Outsourcing Your Homework?
One problem with the No Child Left Behind Act is that 80% of the kids entitled to after-school tutoring - at taxpayers' expense - are not getting it, according to a new government report. And some rural districts offer no tutoring at all. The potential spend of the federal government on private tutoring involves tens of millions nationwide, and TutorVista has its sights set on these federal tutoring dollars funneling to states, starting with Florida. If TutorVista can qualify to tap into that money, it would be competing with tutoring giants such as Sylvan and Kaplan, with tutors in India paid the equivalent of $275 to $300 a month. This TIME article reports that in an important step in this direction, the company announced in early August that its service would be free to children in the 10 poorest rural counties in the U.S.:
The company blends today's hottest topics which are also the fastest growing areas in India: outsourcing, technology enabled services and the internet, free enterprise, and education.
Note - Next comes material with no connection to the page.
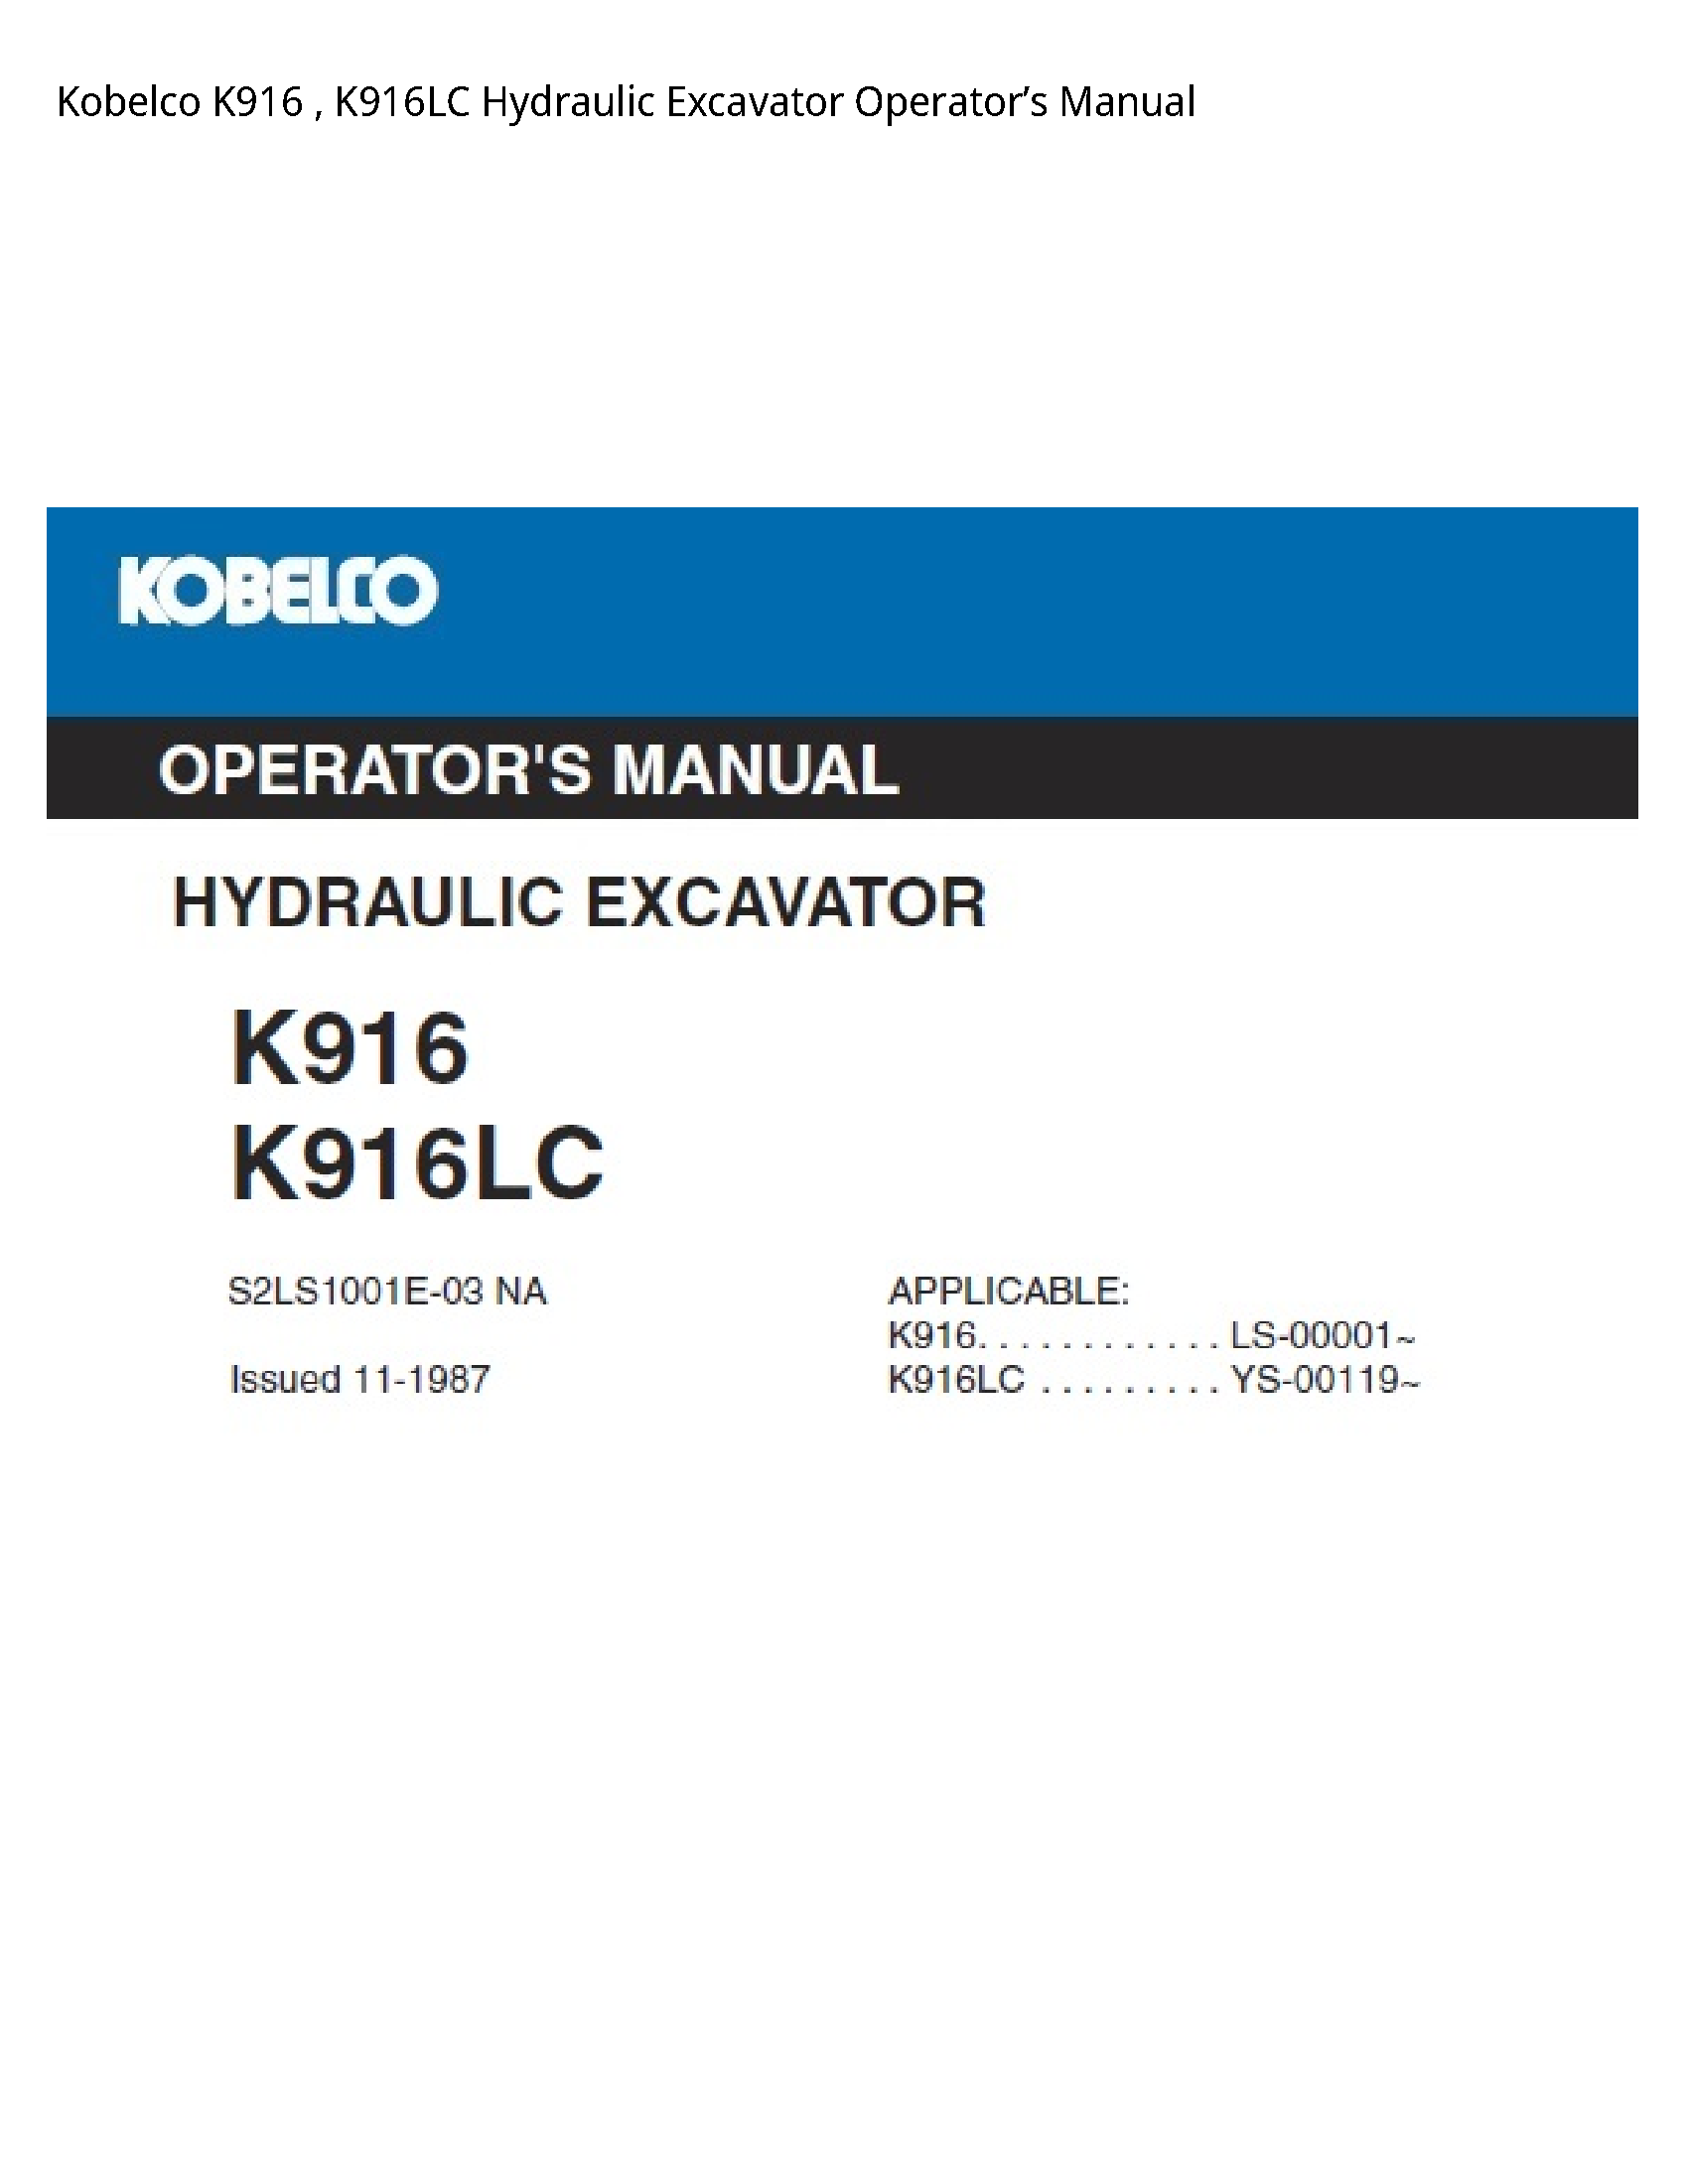 Kobelco K916 Hydraulic Excavator Operator’s manual

Weave into this fabric the thread of social responsibility, and you have a sure recipe for success which, in this case, is spelled TutorVista.The Bangalore-based TutorVista, which last fall began providing online tutoring to U.S. students in everything from grammar to geometry, last week announced it will provide a year of free tutoring to kids in the 10 poorest rural counties in the U.S.
That means all students in, say, Texas' Zavala County or South Dakota's Ziebach County can get first-rate help--which ordinarily would cost $20 an hour -regardless of whether their school is performing poorly enough to be on the NCLB's watch list. (The only catch for kids in impoverished, remote areas: they must have access to a high-speed modem.)